Crown Laboratories Commences Friendly Tender Offer for All Outstanding Common Shares of Revance Therapeutics at $3.10 Per Share

JOHNSON CITY, Tenn.Dec. 12, 2024 /PRNewswire/ -- Crown Laboratories, Inc. ("Crown"), a privately held, global innovative leader in the skincare industry, today announced that it has commenced a cash tender offer to acquire all outstanding shares of common stock of Revance Therapeutics, Inc., ("Revance") (Nasdaq: RVNC) at a price of $3.10 per share in cash. The tender offer is being made in connection with the Amended and Restated Merger Agreement, dated December 7, 2024 (as amended or supplemented from time to time, the "A&R Merger Agreement").

"We are pleased that the Board of Directors of Revance (the "Revance Board") unanimously supports the transaction and recommends that stockholders tender their shares. Crown's offer provides certainty of value and immediate liquidity to Revance stockholders," said Jeff Bedard, founder and Chief Executive Officer of Crown. "We look forward to bringing these organizations together for the benefit of customers and furthering our commitment to science-based solutions for healthy skin."

Offer Unanimously Recommended by the Revance Board

The Revance Board unanimously determined that the offer and the merger are advisable and in the best interest of Revance and its stockholders and recommends they tender their shares to Crown. The Revance Board, with the assistance of its management team and advisors, engaged in a comprehensive review of a range of strategic alternatives and engaged with over a dozen parties to determine interest in a transaction.

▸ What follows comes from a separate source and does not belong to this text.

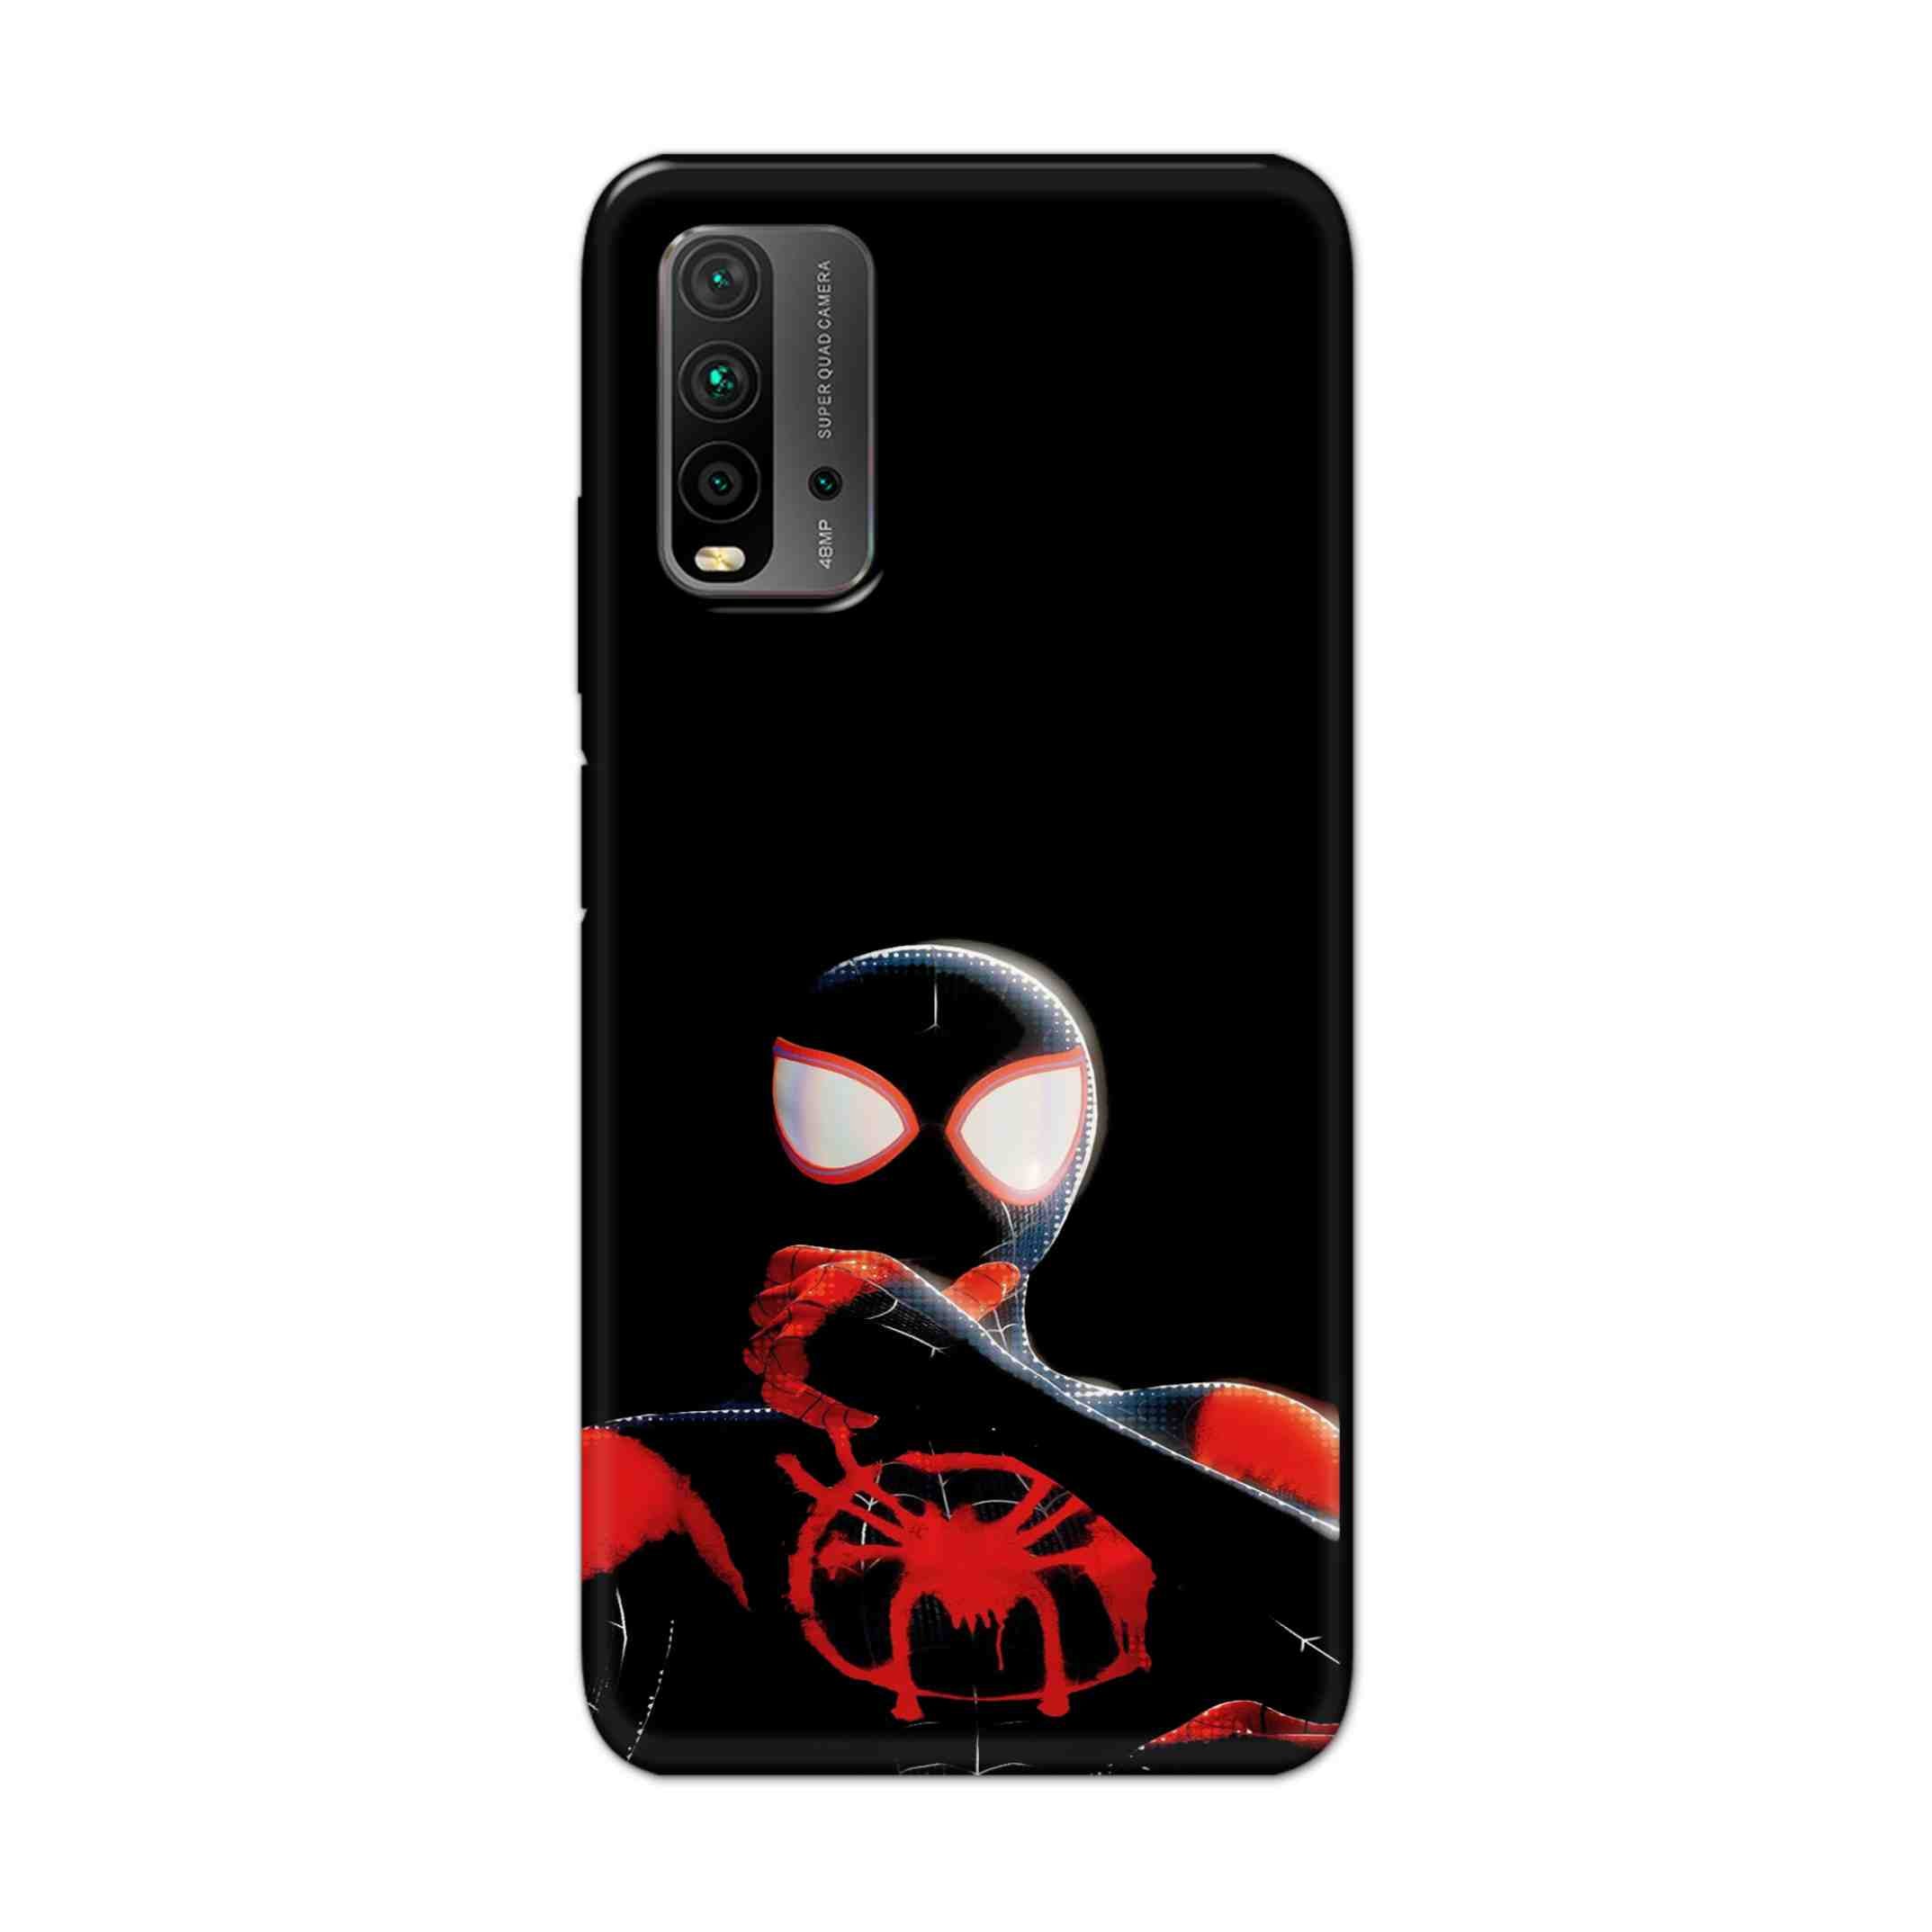 Buy Black Spiderman Hard Back Mobile Phone Case Cover For Redmi 9 Power Online

Cash Consideration Provides Immediate Liquidity and Certainty of Value

The Revance Board took into account various factors, including the changing dynamics of the aesthetic injectable market and the potential risks related to Revance's outstanding debt obligations and nearing maturities of such debt, in its determination, as described in Revance's Schedule 14D-9 (as defined below). The Revance Board believed the certainty of value provided by the $3.10 cash offer was in the best interest of stockholders, especially when viewed against the risks and uncertainties associated with Revance's stand-alone strategy.

Tender Offer Details

On December 12, 2024 Crown filed with the U.S. Securities and Exchange Commission ("SEC") a tender offer statement on Schedule TO, including an offer to purchase and letter of transmittal (the "Schedule TO"), which sets forth the terms of the tender offer. Additionally, Revance filed with the SEC a solicitation/recommendation statement on Schedule 14D-9 (the "Schedule 14D-9") that includes the recommendation of the Revance Board that Revance stockholders accept the tender offer and tender their shares.

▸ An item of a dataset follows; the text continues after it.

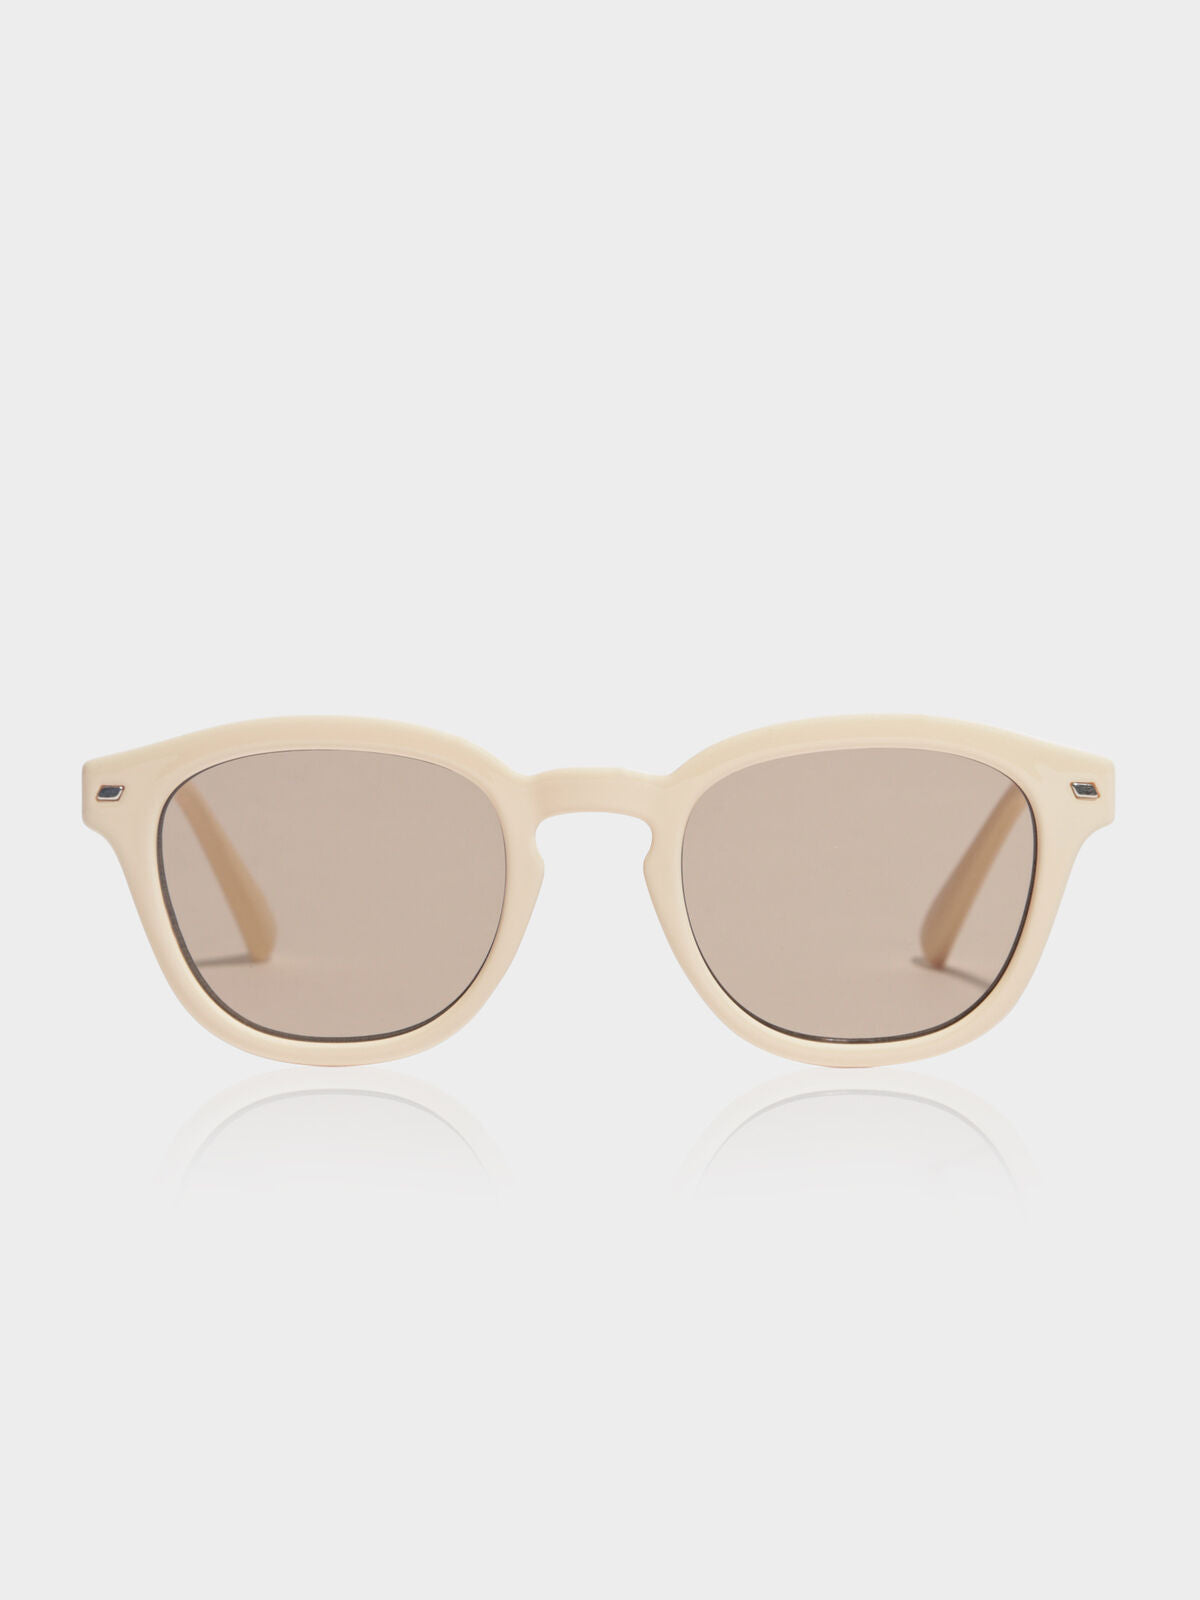 Conga Sunglasses in Ivory

The tender offer is scheduled to expire at one minute after 11:59 p.m., Eastern Time on January 13, 2025, unless extended in accordance with the terms of the tender offer and A&R Merger Agreement. Consummation of the tender offer is subject to customary terms and conditions, including the tender of a number of shares of common stock of Revance which represents at least a majority of the voting power of Revance and the satisfaction of other customary closing conditions.

Following the successful closing of the tender offer, Crown will acquire any shares of Revance that are not tendered in the tender offer through a second-step merger for the same consideration as paid in the tender offer.

The complete terms and conditions of the tender offer are set forth in the Schedule TO, including the offer to purchase, a letter of transmittal, which have been filed with the SEC and are being mailed to Revance's stockholders together with the Schedule 14D-9. A copy of these documents may be obtained at the website maintained by the SEC at www.sec.gov.